Wie Mikroblog-Daten über das Image von Tourismusdestinationen Aufschluss geben und warum im Ausland arbeitende Landsleute im Service kritisch betrachtet werden, stellten Forschende der FHWien der WKW auf der EMAC 2025 vor.

Vom 27. bis 30. Mai 2025 fand die renommierte EMAC Annual Conference in Madrid statt – mit rund 1.300 internationalen TeilnehmerInnen eine der wichtigsten wissenschaftlichen Konferenzen im Bereich Marketing.

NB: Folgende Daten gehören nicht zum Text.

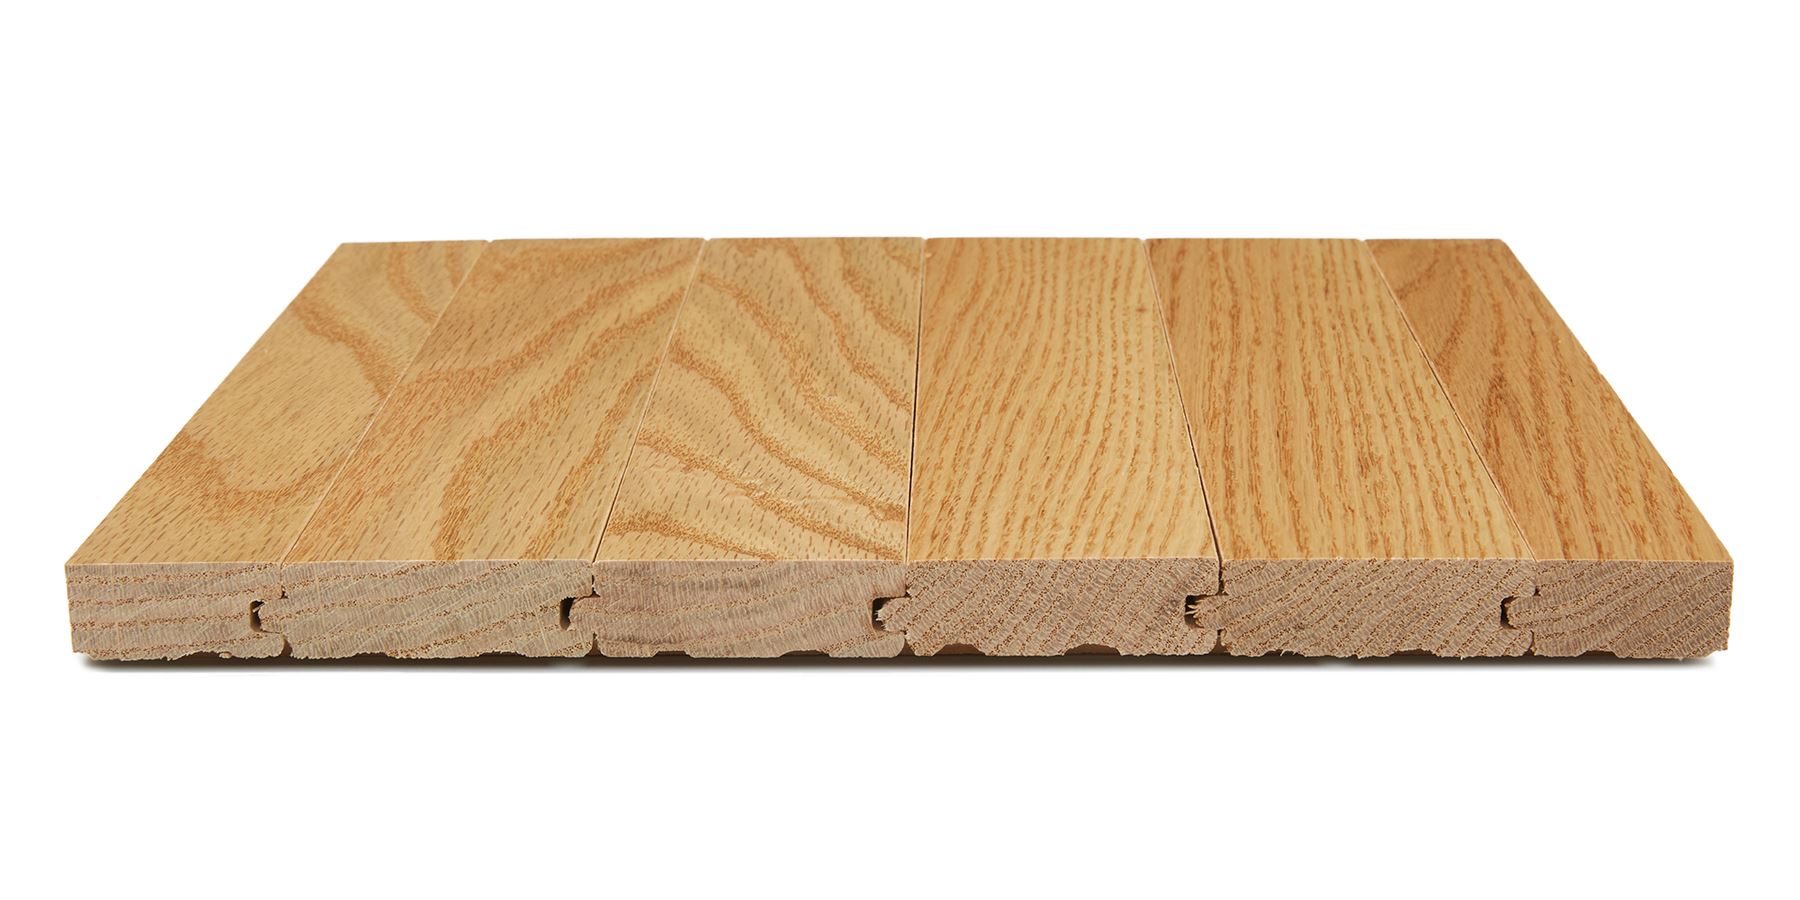 Providence Solid Hardwood Flooring

Die FHWien der WKW war mit gleich zwei Beiträgen für den Studienbereich Marketing & Sales Management vertreten: Ilona Pezenka präsentierte aktuelle Forschungsergebnisse zur datenbasierten Analyse von Tourismusdestinationen und David Bourdin zum Spannungsfeld zwischen kulturellen und sozialen Stereotypen gegenüber migrantischem Servicepersonal im Ausland.

Wie Mikroblog-Daten Destinationen neu sichtbar machen

Der von Ilona Pezenka präsentierte Beitrag „Decoding Destination Image and Performance: Insights from Microblog Metrics“ zeigt, wie sich moderne Text-Mining-Methoden nutzen lassen, um das Image von Destinationen anhand von Beiträgen auf der Plattform X (ehemals Twitter) zu analysieren. Anhand von über 88.000 Posts zu brasilianischen Küstenorten wurde untersucht, wie 14 verschiedene Tourismusformen – etwa Kultur-, Stadt-, Sport- oder Gesundheitstourismus – in der öffentlichen Wahrnehmung positioniert sind.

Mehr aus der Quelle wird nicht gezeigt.